Following completion of OPITO approved Basic Offshore Safety Induction and Emergency Training (BOSIET) R-TECH are now able to offer offshore metallurgical inspection support, including metallographic replication in addition to hardness testing and material identification.
Onsite metallurgical replication is an adaptable tool that can be used for the identification and characterisation of a wide range of metallurgical degradation mechanisms and defects. In essence this technique enables a carbon copy of the underlying material microstructure, without requiring the removal of a physical sample. The technique can characterise the underlying microstructure of various metals i.e. carbon steel, alloy steel, stainless steel (duplex, austenitic, ferritic, martensitic and precipitation hardened), nickel-based alloys and so on, enabling an assessment of any material degradation. In the context of high temperature plant, this technique is commonly used to identify carbide degradation and creep damage within carbon and low alloy steels. The technique is also valuable for characterising defects/cracks in-situ; examining the crack morphology i.e. whether it has propagated in a transgranular or intergranular manner, whether the cracking is associated with a deposit and whether the surrounding microstructure differs to bulk microstructure. These observations can then assist with understanding the cause of a particular defect or crack.

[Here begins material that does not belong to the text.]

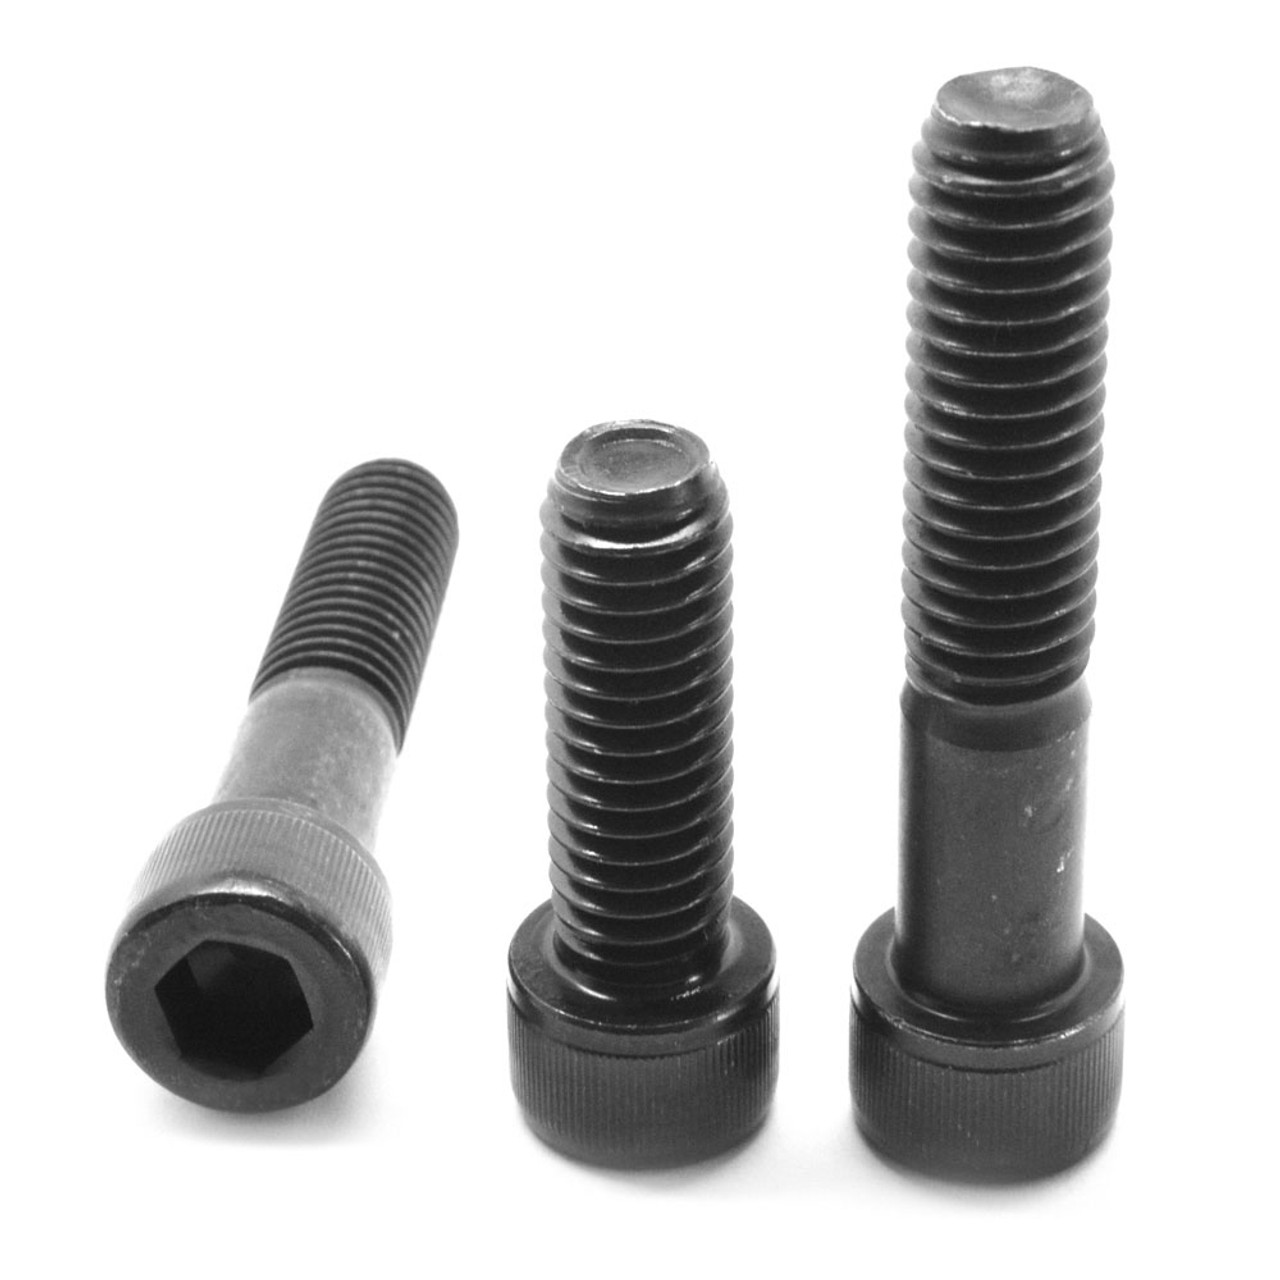 Black Oxide Alloy Steel Socket Head Cap Screw 1-3/4 Length 1/2-13 Thread Size Hex Socket Drive Pack of 50 1/2-13 Thread Size 1-3/4 Length Small Parts 5028CSP US Made Fully Threaded 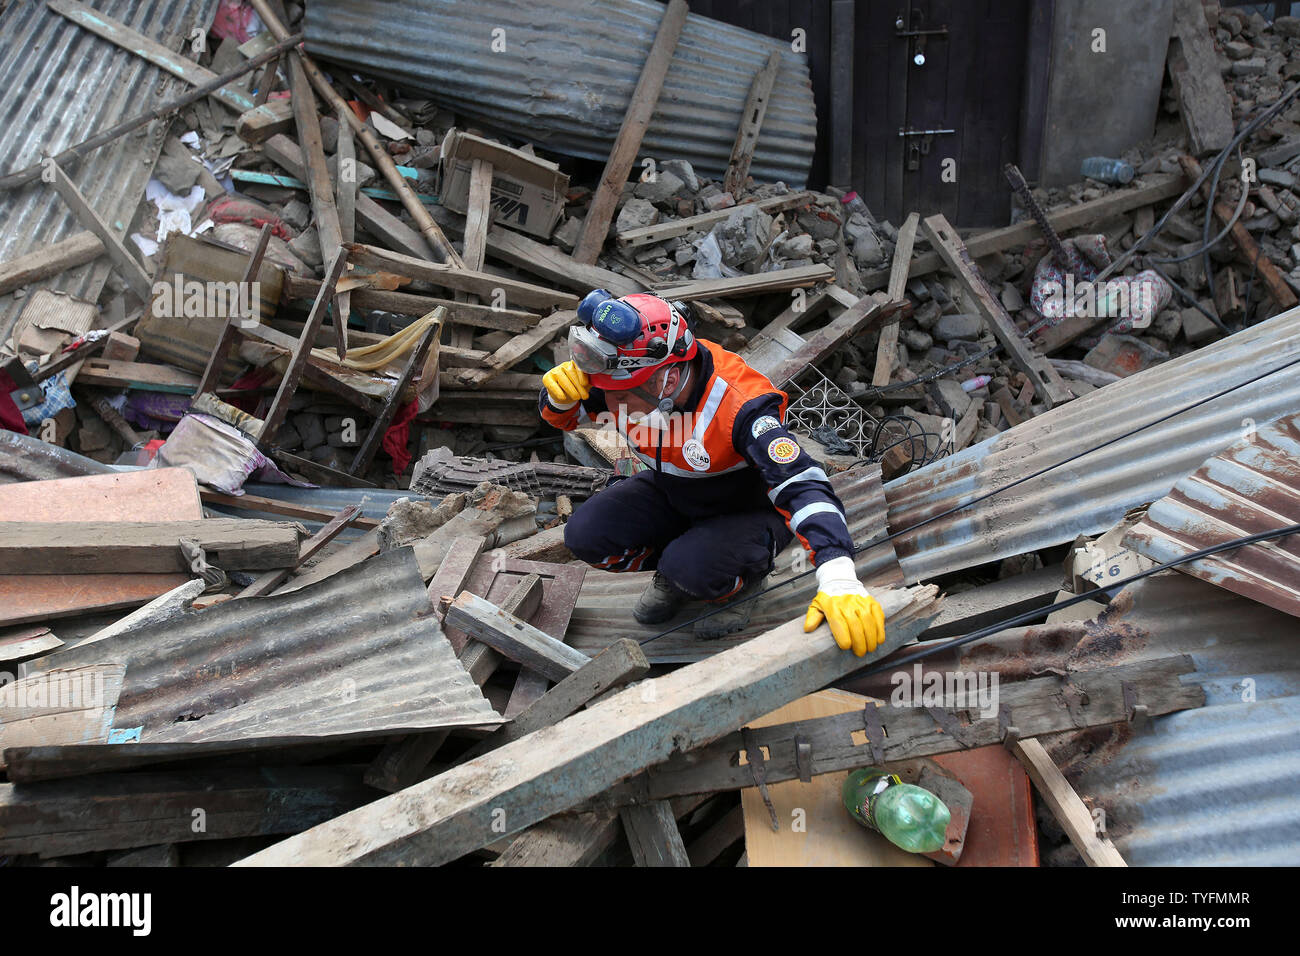 Nepalese rescuers search for victims in the rubble of buildings on April 27, 2015 after a 7.9 earthquake hit the areas in Bhaktapur near Katmandu, Nepal.  The death toll climbed to more than 3,000 with more than 7,000 injured following the massive earthquake in Nepal on Saturday, April 25, 2015.   Photo by Sanjog Manandhar/ UPI Stock Photo

Hardness testing can provide a quick and relatively non-invasive measurement of the mechanical properties of a variety of materials. Portable hardness testing can be undertaken in-situ as part of a condition assessment of various components, without requiring the removal of a physical sample. For example, it can assist with determining the presence of localised differences in hardness associated with cracks or defects. It can also help to identify the presence of alpha prime in duplex stainless steel which leads to embrittlement. Hardness testing can also provide an indication of loss of strength in carbon/low alloy steels due to the microstructural changes which occur upon exposure to elevated temperature. Filings of a component can also be taken to obtain a fully quantitative chemical composition to verify the material grade.
The output of metallographic replication and portable hardness testing can be utilised to determine the useful remaining life of critical equipment, and as such it bears significant influence upon plant safety, the continuity of plant operations and capital investment decisions.